Sunday, April 24, 2011

Does ultimatum mean Iran will invade Saudi Arabia? Here comes the 12th Imam



In what could produce a Muslim vs. Muslim military confrontation in the powderkeg that is the Middle East, Shi'a Iran is considering handing Sunni Saudi Arabia an ultimatum over sending its troops to crack down on the Shi'a majority in nearby Bahrain – a development that would be tantamount to armed conflict between the two bastions of Islam.

Iranian officials even have gone so far as to suggest blocking the Straits of Hormuz in the Persian Gulf to stop ships carrying military supplies to Bahrain from the Saudi kingdom which, along with the United Arab Emirates, sent troops there at the request of Bahraini King Hamad bin Isa al-Khalifa.

Al-Khalifa had requested the troops to put down an increase in violence by Shi'a protesters, who make up some 70 percent of the Bahraini population. Both countries sent in some 1,000 troops each along with military equipment provided to them by the United States over time under military assistance programs.

The Bahraini regime and the Saudis blame Iran for instigating the violent demonstrations.

In what now could be a significant escalation between Iran and Saudi Arabia, Mohsen Rezael, secretary of Iran's Expediency Council, called for an "ultimatum" to be given to the Saudis in an effort to get them to withdraw their forces from Bahrain.

In making his threat, Rezael said that Iran and Iraq should give deliver the warning.

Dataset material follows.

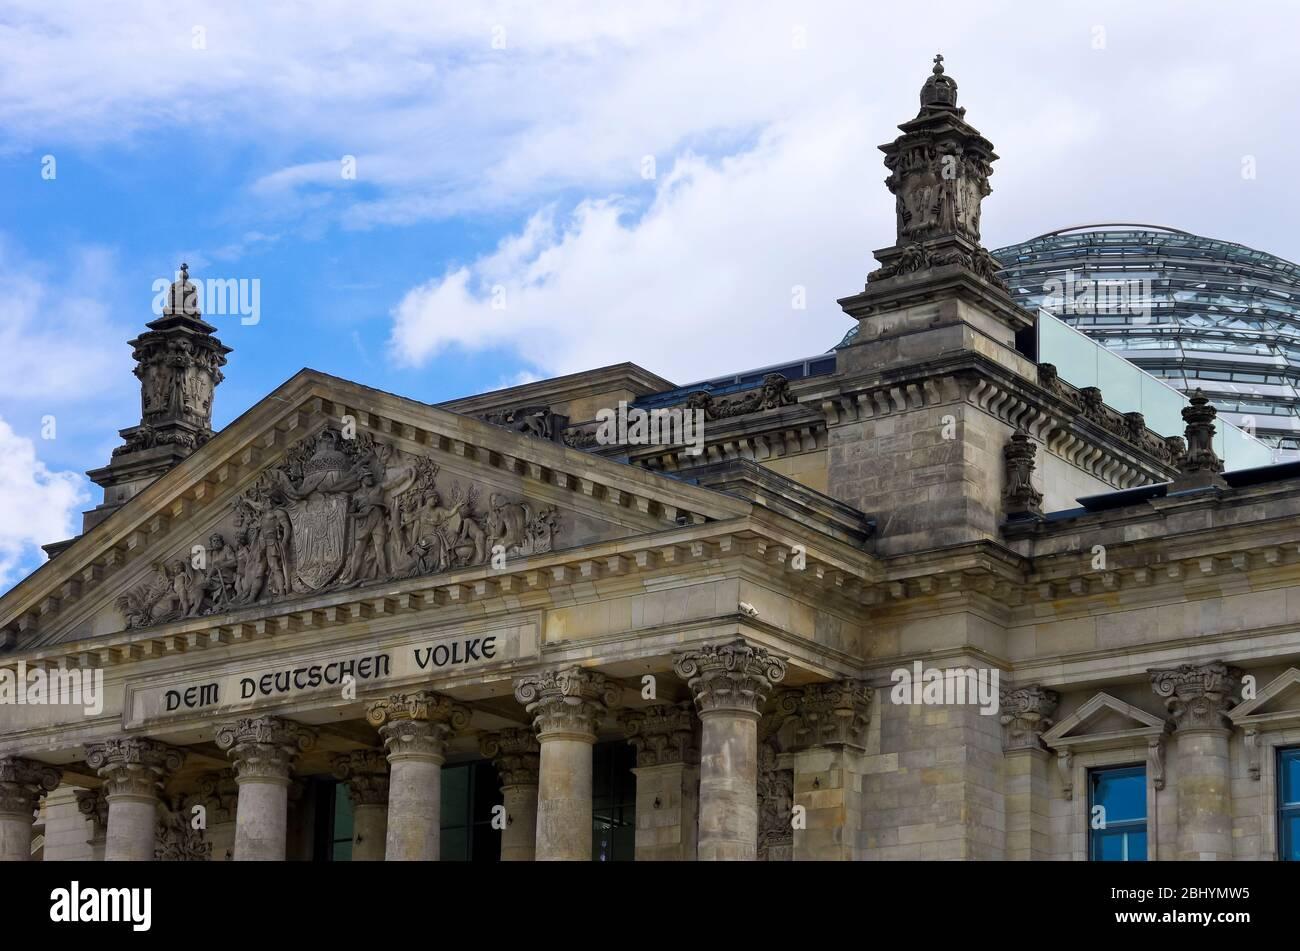 Reichstagsgebäude, Sitz des Deutschen Bundestages in Berlin, Brandenburg, Deutschland. Stockfoto

"Iran and Iraq should give Saudi Arabia an ultimatum to withdraw its forces from Bahrain," Rezael said. "Otherwise, both countries can probe the Saudi-bound weapons in the Strait of Hormuz and prevent the dispatch of equipment for suppression of Bahrain's people to that country."

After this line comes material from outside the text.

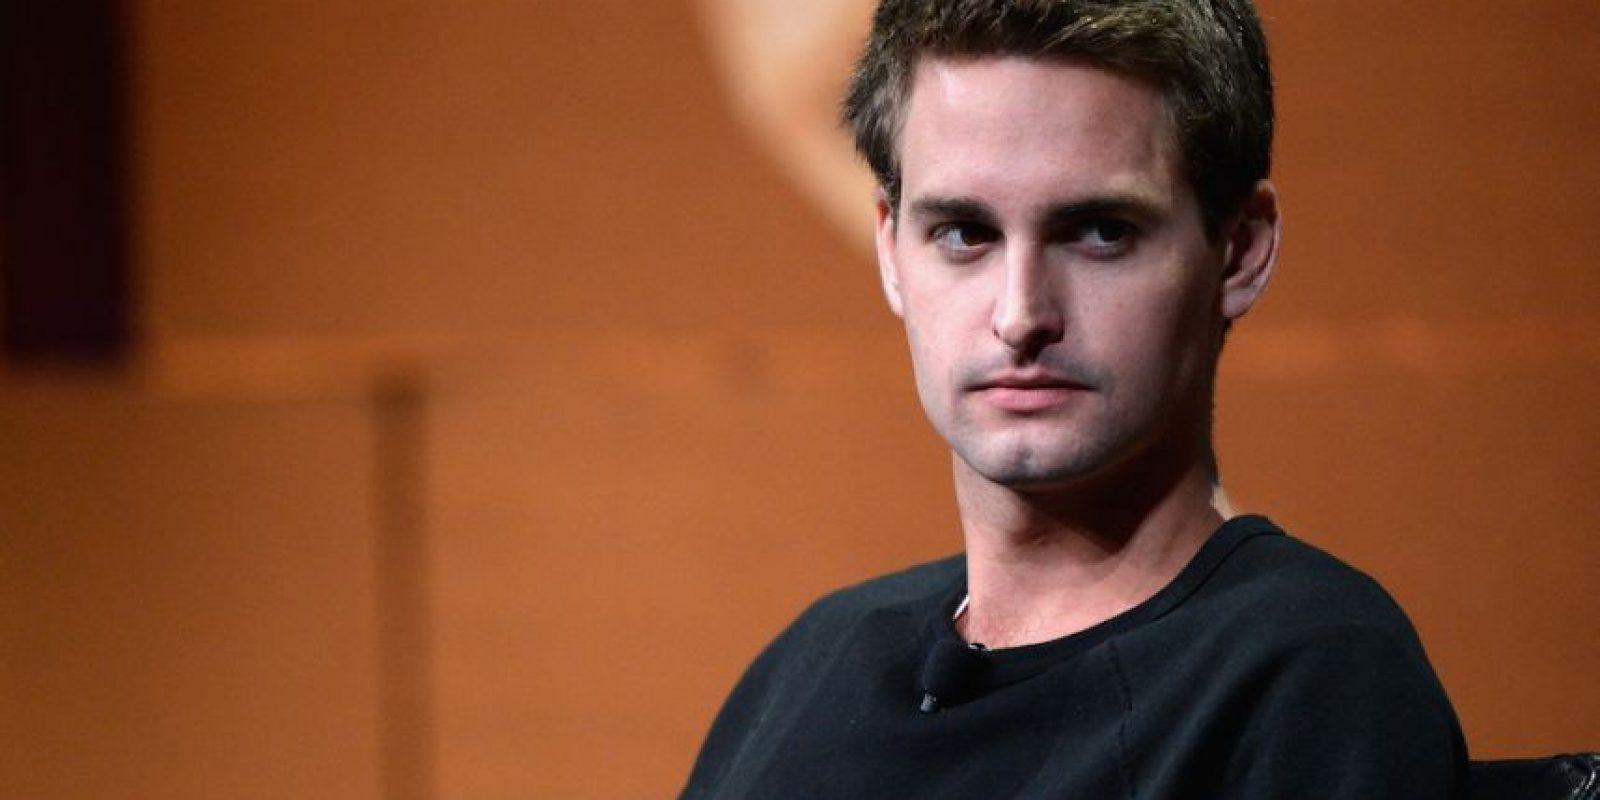 El estadounidense Evan Spiegel, de 24 años de edad, cofundó Snapchat, una app que permite enviar fotos que se autodestruyen en pocos segundos. Foto:Getty Images

Just as Rezael has invoked Iraq in Iran's dispute with Saudi Arabia, Iranian Defense Minister Ahmad Vahidi is to pay a visit to Baghdad shortly with a high-ranking delegation of military and defense officials.

As a further warning to Saudi Arabia, Supreme Leader's Adviser for Military Affairs Maj. Gen. Yahya Rahim Safavi said Riyadh's military intervention in Bahrain also could be a pretext to foreign invasion of Saudi Arabia should popular protests increase in the kingdom.

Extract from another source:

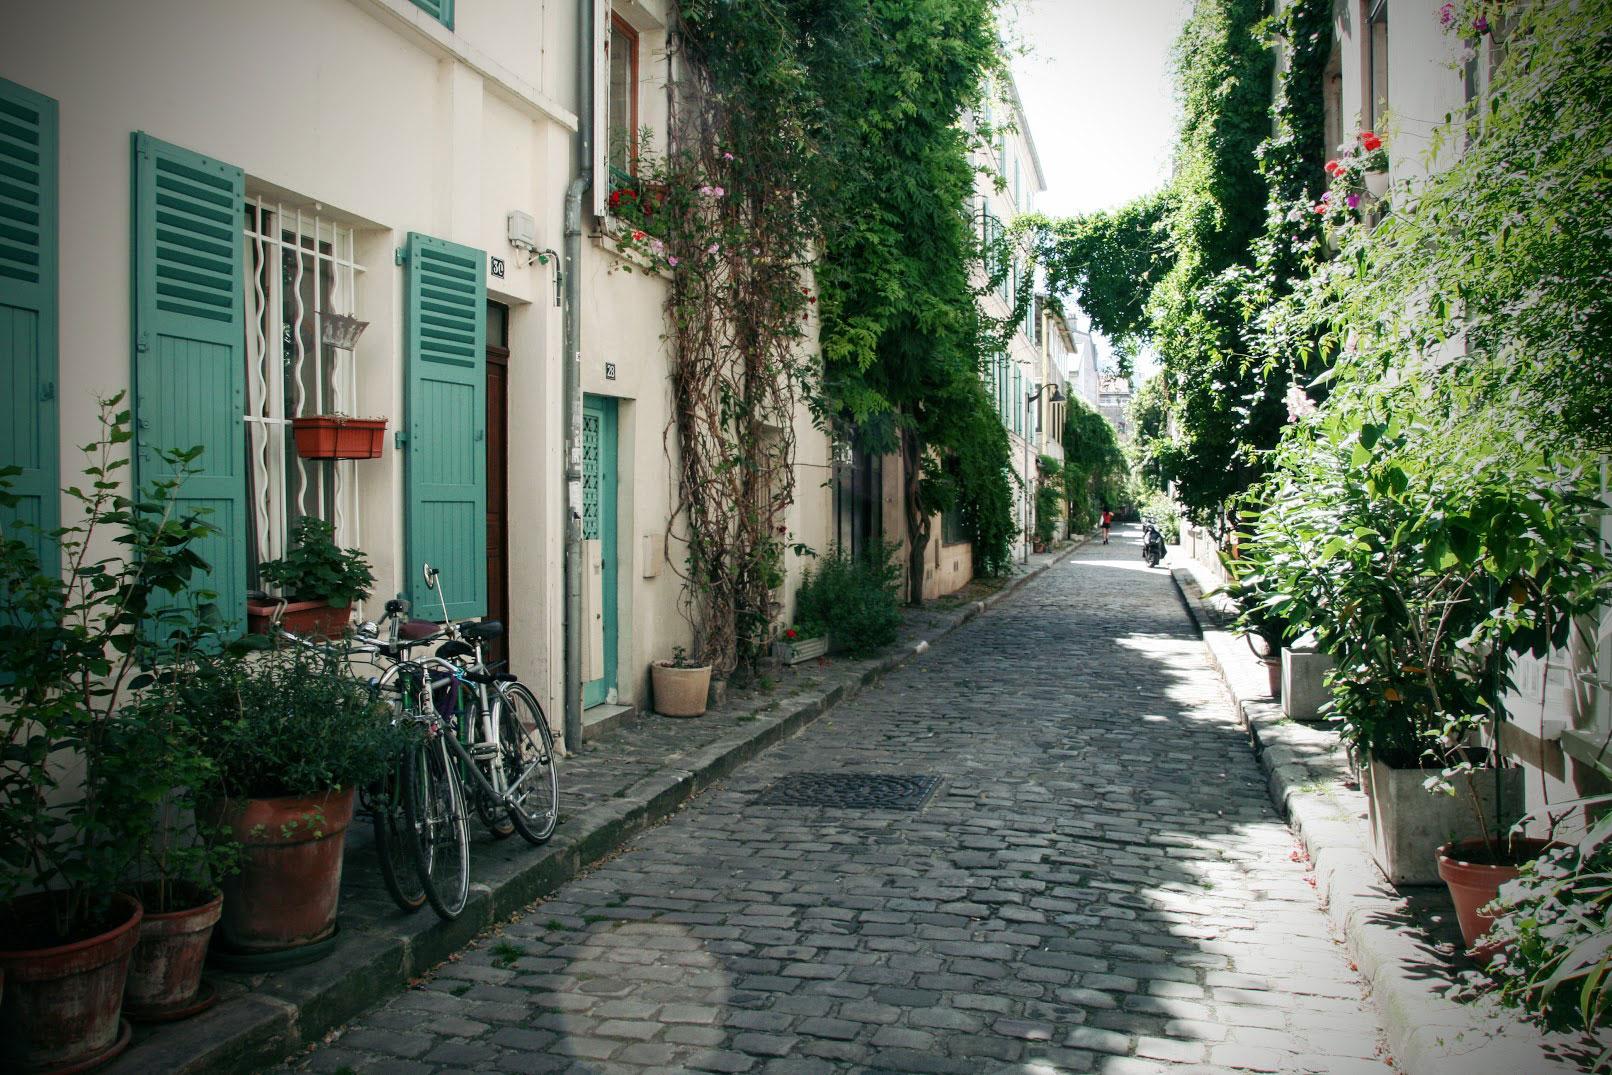 Rue des martyrs arfim for Le miroir rue des martyrs

The Saudi regime is very concerned with increasing unrest in its Eastern province where the population primarily is Shi'a. There already have been a number of demonstrations there that were put down quickly by Saudi police forces.

That region also is where most of the kingdom's oil production takes place.

"The presence and attitude of Saudi Arabia in Bahrain sets an incorrect precedence for similar future events," Safavi warned, "and Saudi Arabia should consider this fact that one day the very same event may recur in Saudi Arabia itself and Saudi Arabia may come under invasion for the very same excuse."